До Столлери трамвай добирается час с лишним – карабкается по крутым участкам, грохочет по каменистому плато, останавливается рядом с уединенными трактирами и домишками, что лепятся по одному-два на верхотурах. На каждой остановке несколько пассажиров выходило, но всё это были взрослые. А дети сидели на своих местах, как и я. Ну пусть они все едут в Столстед! – взмолился я мысленно. При этом я заметил, что те, у кого были при себе пакеты с едой, ничего по дороге не жевали – можно подумать, им с перепугу кусок в горло не лезет, прямо как мне. А впрочем, возможно, они просто хотят как следует попировать в Столстеде, подумал я. Это была моя последняя надежда.
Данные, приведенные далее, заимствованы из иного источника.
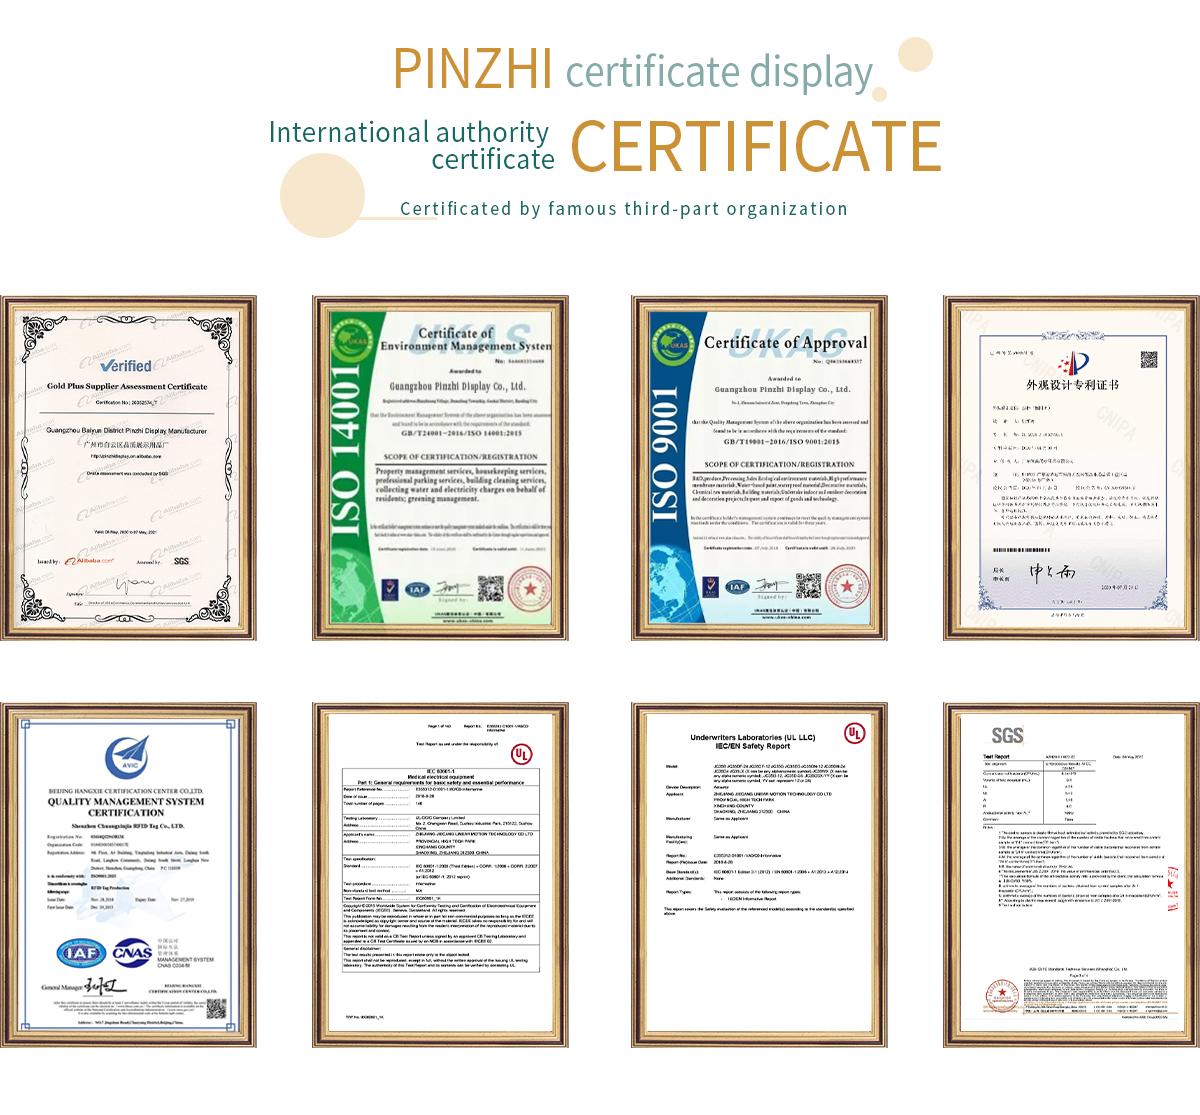 Pinzhi-Authority certificate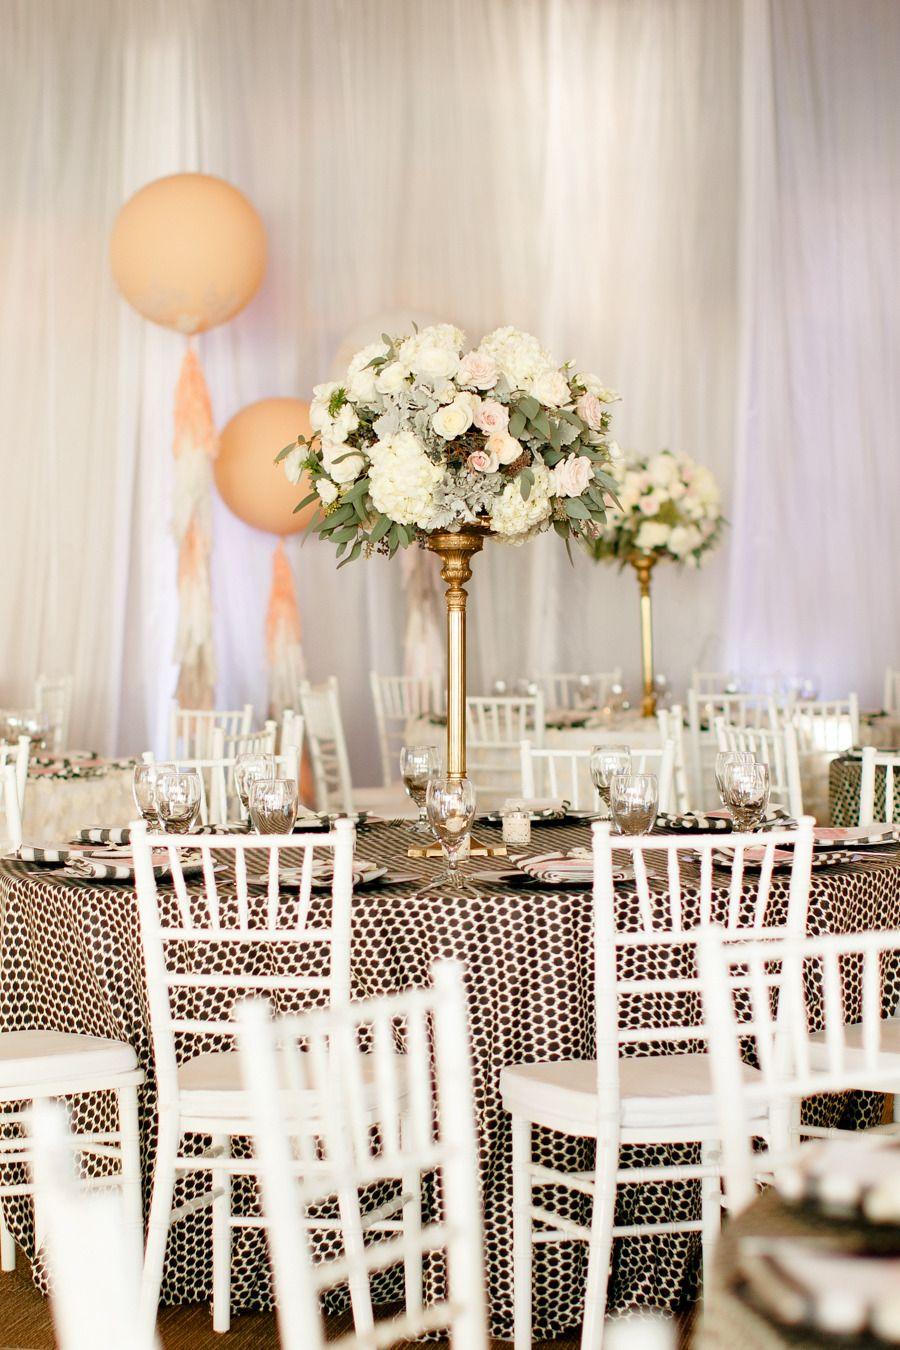 Black, White + Blush Seaside Wedding | Pinterest | Seaside wedding ...

И вот мы наконец покатили по более или менее ровному месту; здесь раскинулись рощицы, лужайки, сбоку даже виднелась ферма. Обычная долина, почти как внизу. Вот только по другую сторону дороги высилась темная стена с шипами поверху. Я знал, что этой стеной окружен Столлери, – значит, забрались мы уже очень высоко. Я даже чувствовал присутствие волшебства, в виде едва слышного гула. Сердце заколотилось так, что даже сделалось больно.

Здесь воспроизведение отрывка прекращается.